ニラの秘密

桜の樹の青葉も繁り、野山はいよいよ春真っ盛りです。

先日、陽気に釣られてご近所を散歩していると、地表に顔を出したニラ(韮)の新芽を見つけました。

ニラはご存じ、ニラ玉やニラレバ炒めに用いられる中華の定番食材です。

スーパーの生鮮売り場に並ぶお野菜の一種ながら、意外にも市街地の空き地や野原で自生する姿を見かけることも少なくありません。

種子から発芽したニラは棒状の子葉を立ち上げます。

よく見ると、ふたつ折りのピンセット状になっています。

土中からの発芽に適したこの形状は、ニラの種子が嫌光種であることと関係があるようです。

ニラが発芽する場所を見てみましょう。

野生のニラは、日の光が降り注ぐ乾燥した荒れ地を好みます。

多くの植物はこのような過酷な環境を苦手にしています。

ニラは環境への適応力を高めることでライバルとの競争を巧みに避けているのです。

ニラの強みは成長点の位置にもあります。

一般的な植物の場合、細胞分裂が活発に行われる成長点は根や芽の先端にあります。

しかしながら、ニラの成長点は葉が枝分かれする地表近くにあります。

これは人の手が頻繁に加わるような環境下でニラに大きなメリットをもたらします。

葉を刈られたとしてもいち早く成長点から新芽を伸ばし、他の植物に先駆けて光合成を再開することができるのです。

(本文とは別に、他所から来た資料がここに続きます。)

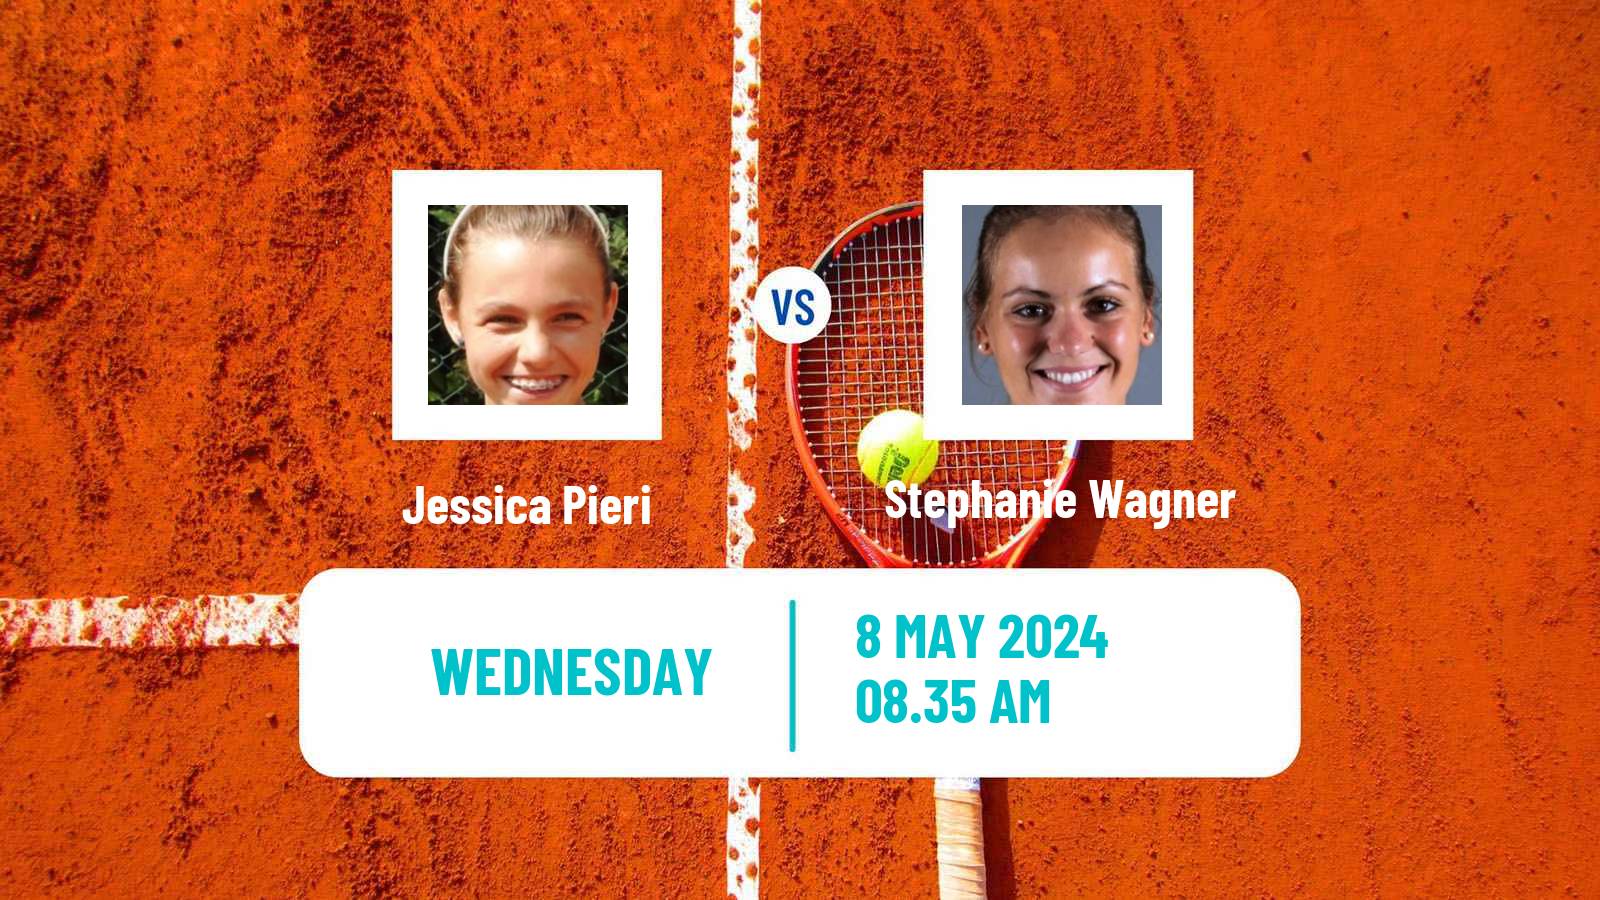 Tennis ITF W75 Prague Women Jessica Pieri - Stephanie Wagner

マイナスの条件をプラスに代える、脱帽ものの高等テクニックです。

ニラの葉を折ってみましょう。

独特のニンニク臭が立ちます。

これはアリシンという化合物によるものです。

アリシンの独特の香りと辛みは葉を食する虫を遠ざけます。

他方、人にとっては有益で、疲労回復や滋養強壮といった効用をもたらします。

美味しくて健康に良いからこそ、人はニラを植え育てます。

ニラはアリシンによって防虫種の繁栄という一石二鳥の効果を得ているのです。

晩夏、ニラは白い花を咲かせます。

長い花茎の先に数十もの小さな花を丸く寄り添わせます。

群生するニラを遠くから見ると、まるで白い絨毯のようです。

風にそよぐその様は、残暑のきびしさを束の間忘れさせてくれます。

ニラはなにげない小さな草ですが、巧みな生存戦略で厳しい自然界をしたたかに生き抜いています。

屋外が気持ちのよい今のシーズン、時に街角や野山で植物の意外な知恵や工夫に触れてみてはいかがでしょうか。